Ибар лишь пожал плечами:
– Да то же, что и раньше. Я и так подозревал, что фронта больше нет. Пойдём собираться. Когда закончат – напомню хозяину, чтобы нас отвёз.
Когда дезертиры входили в дом, собрав в охапку высохшую форму, обернувшийся Табас увидел, что всё было кончено. Их бывший сослуживец лежал без движения и уже не закрывался от ударов. Голова его вся была в крови. Она же густо покрывала кулаки и тяжёлые сапоги деревенских мужиков.
4
– Приехали. Всё, дальше не могу, батареи садятся, надо как-то назад ещё…
Табас взял рюкзак на колени и открыл дверь.
– Уходите. Вам там делать нечего, – сказал Ибар хозяину дома, который оказался деревенским старостой. Он только что довёз их до ближайшего населенного пункта: маленького полузаброшенного пыльного городка, со всех сторон окруженного чахлым лесом.
Староста сидел в машине, старом и постоянно дребезжавшем пикапе, в кузове которого покоились громоздкие изношенные батареи, накрытые бурым от грязи ободранным брезентом, и прятал взгляд.
– Ну, куда нам?.. – в который раз повторил он, и Табасу захотелось дать этому упрямому ослу в морду. А потом взять за волосы, развернуть к югу и рассказать о том, что несут дикари на земли Домов.

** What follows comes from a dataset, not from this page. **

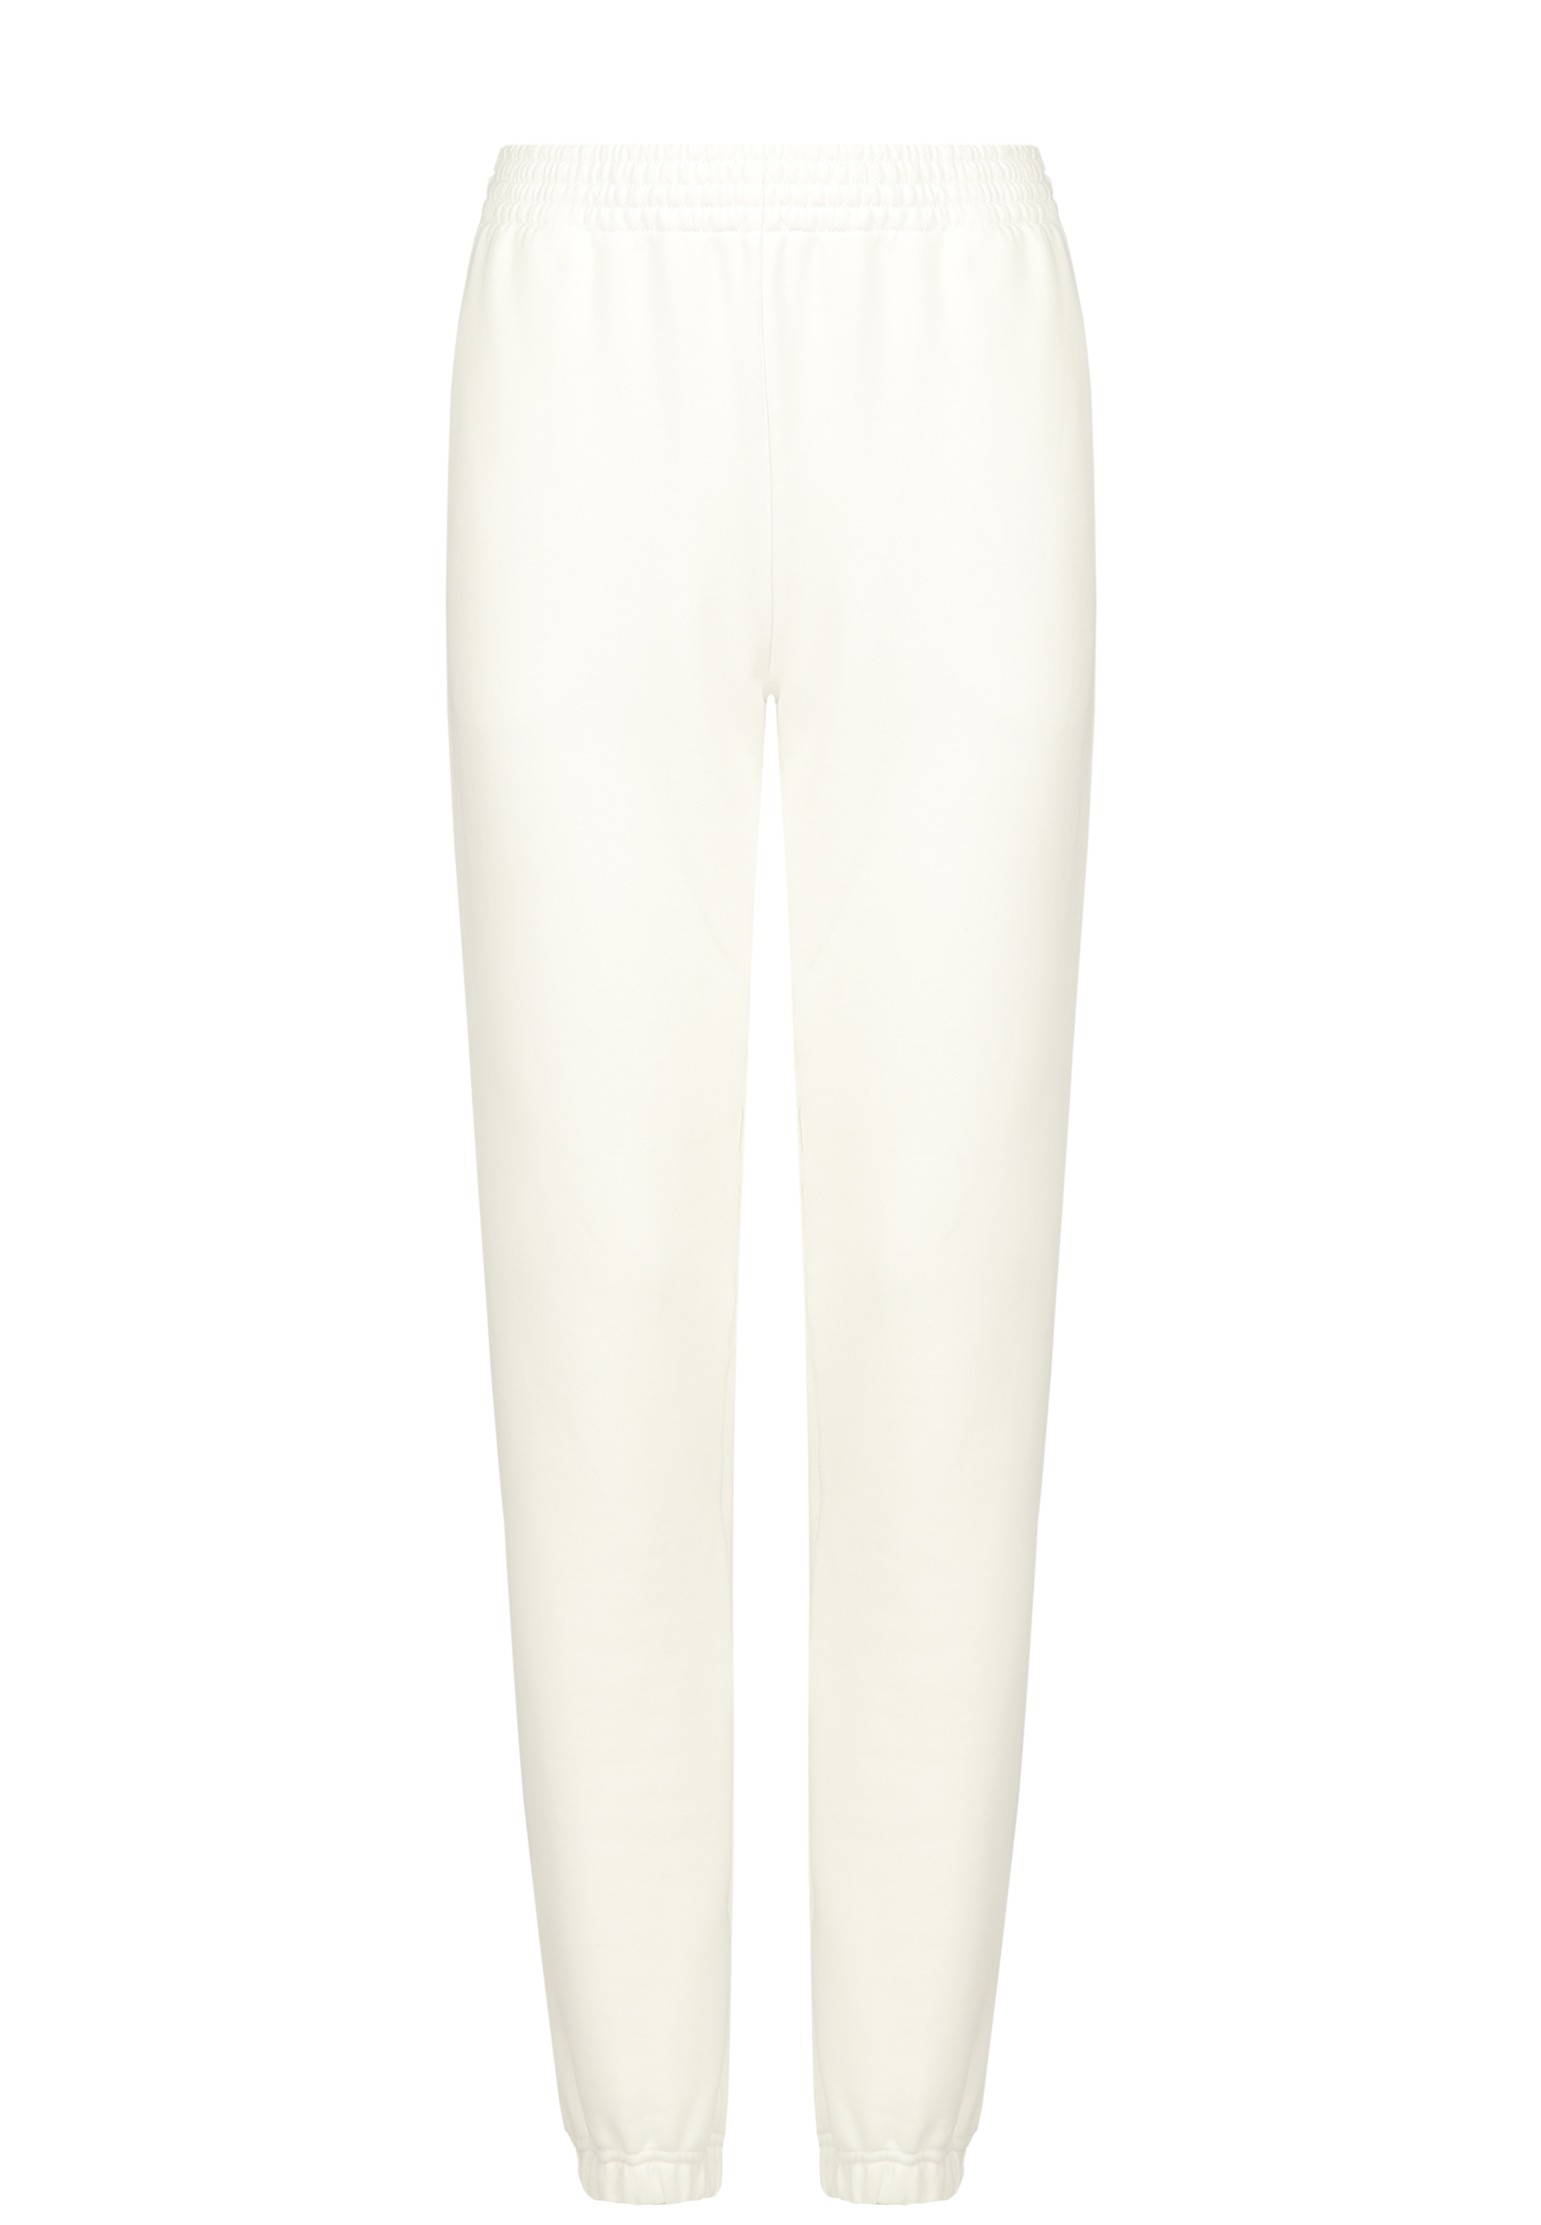 Спортивные брюки женские ELYTS 134814 белые XS
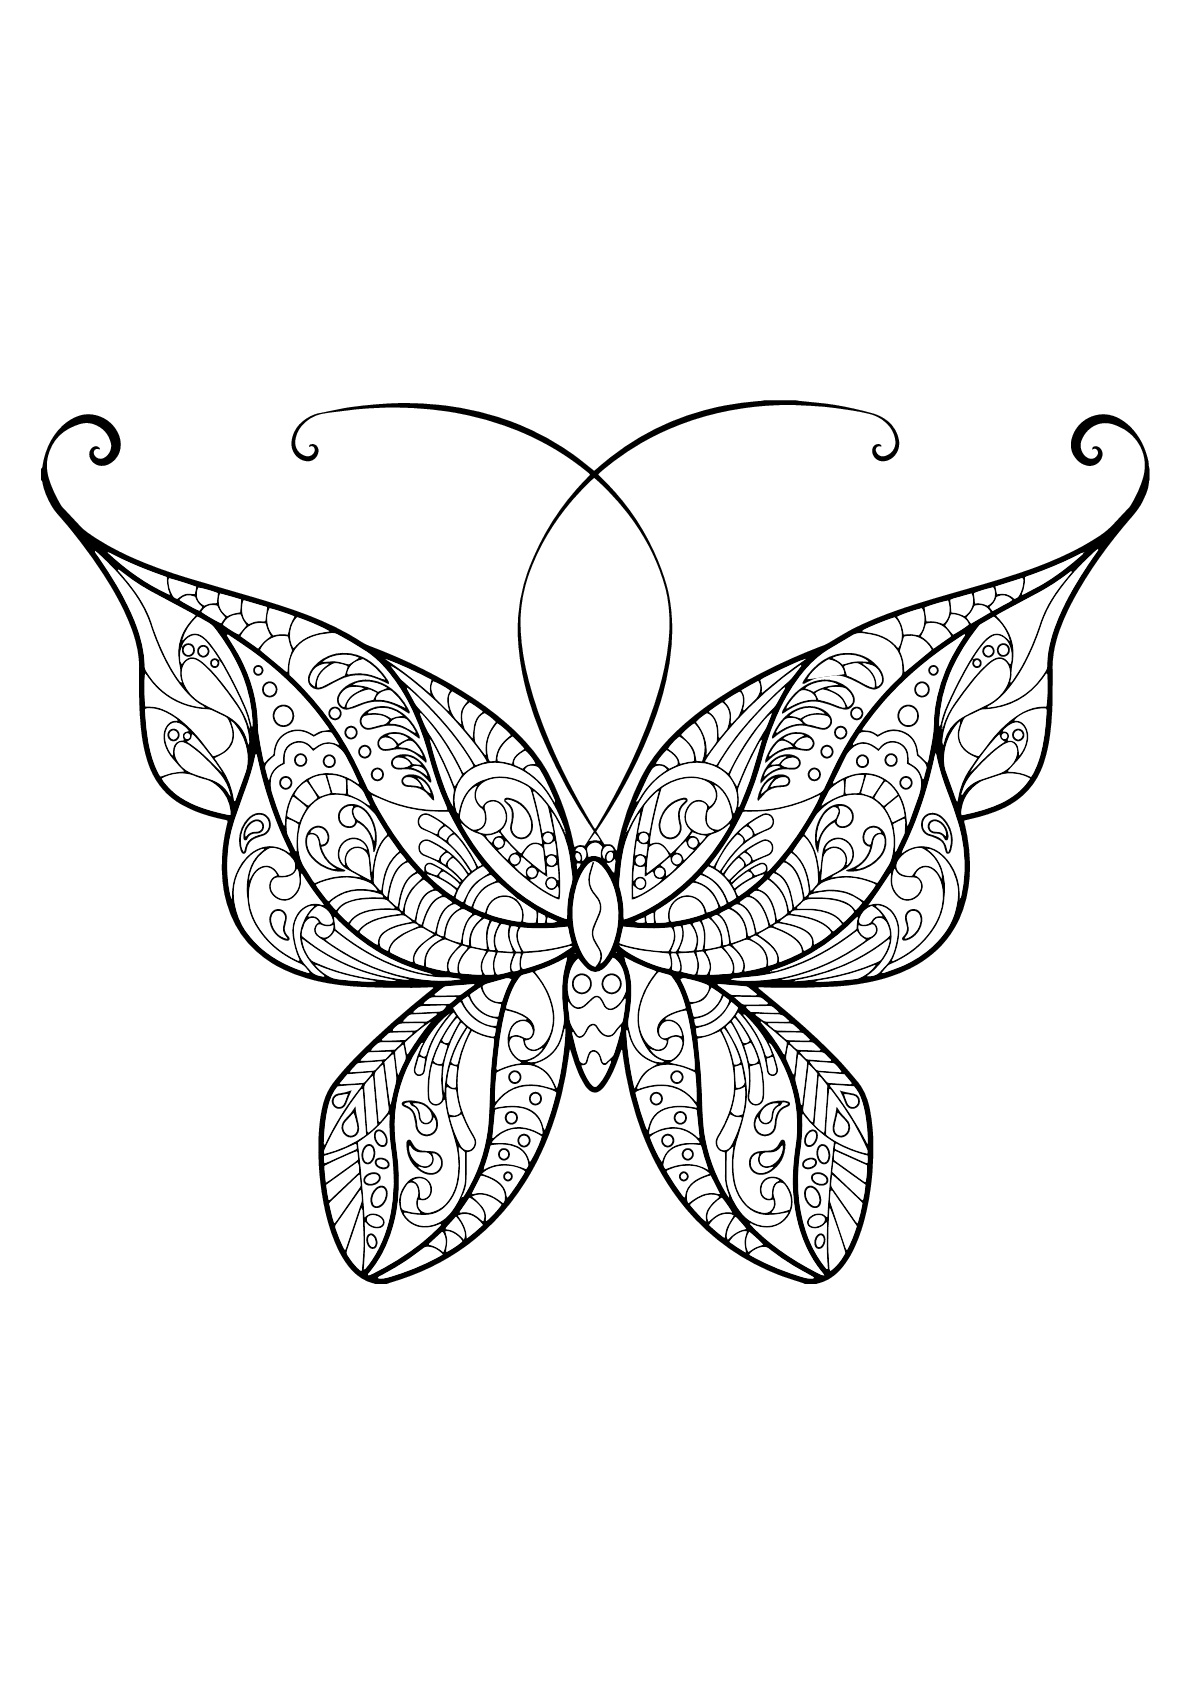 Mariposa con bellos e intrincados dibujos - 14

О том, что отступающие части Дома Адмет не эвакуируют мирных жителей, как о том кричит пропаганда, а бросают на произвол судьбы. И защитить их будет просто некому.
О том, что сейчас на север полноводной рекой через дюны текут десятки тысяч смуглых, грязных и оборванных переселенцев, переполненных ненавистью и завистью к тем, пьет чаще двух раз в день.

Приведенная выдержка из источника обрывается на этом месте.